SUPPLIED MATERIAL:
- Opening Delimiter -

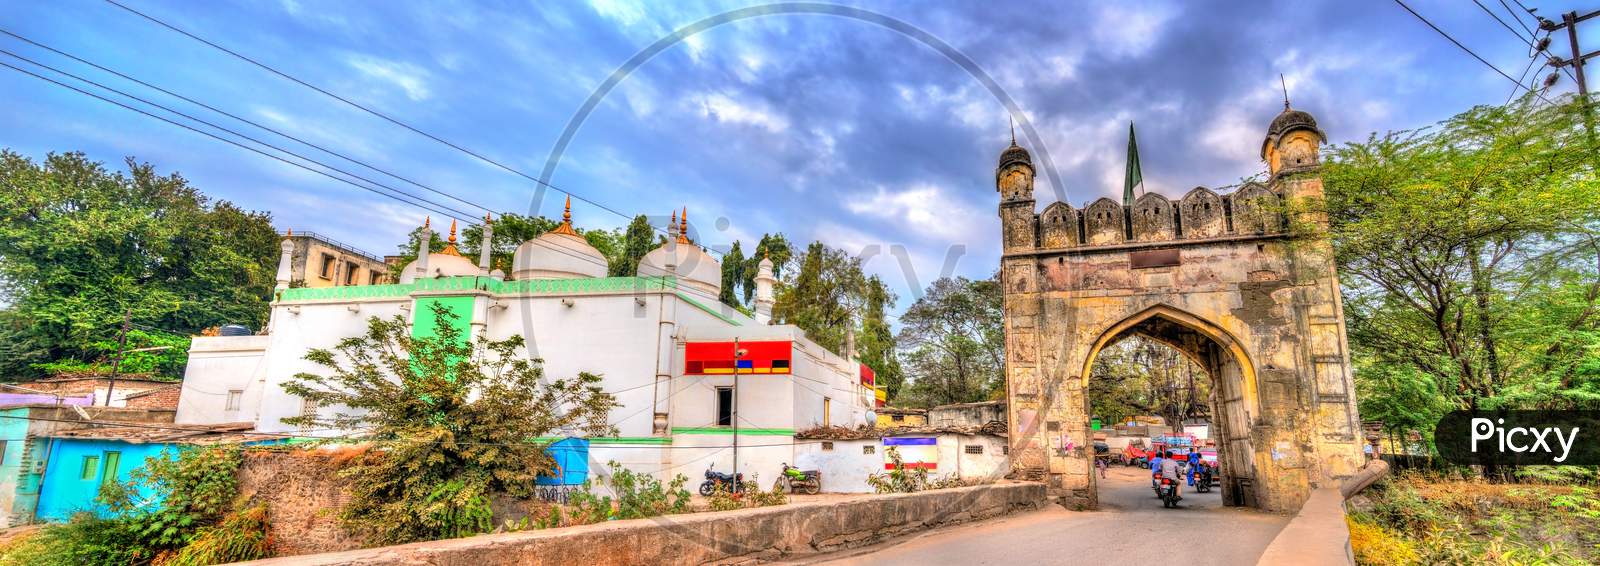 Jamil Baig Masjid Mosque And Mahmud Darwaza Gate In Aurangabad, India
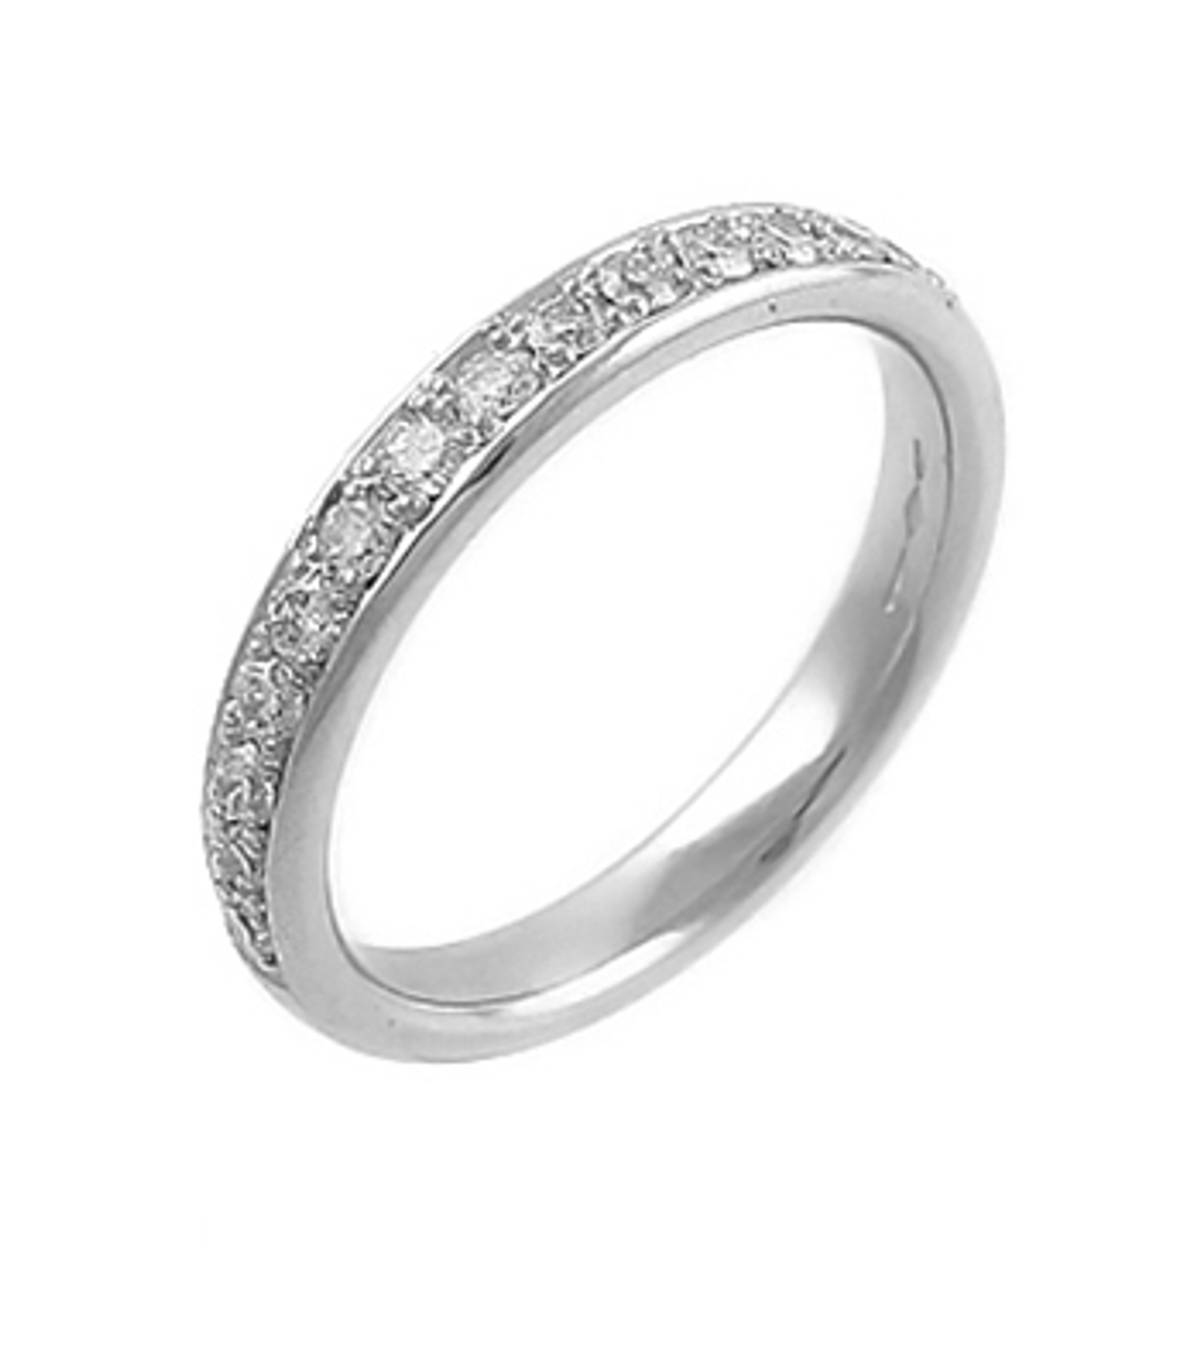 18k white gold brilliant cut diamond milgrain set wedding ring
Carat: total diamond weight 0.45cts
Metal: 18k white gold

- Closing Delimiter -

TASK GOAL:
Set down exactly, and only, the lines from the one with "Carat: total diamond weight 0.45cts" to the final line of the data.

RESPONSE AREA:
Carat: total diamond weight 0.45cts
Metal: 18k white gold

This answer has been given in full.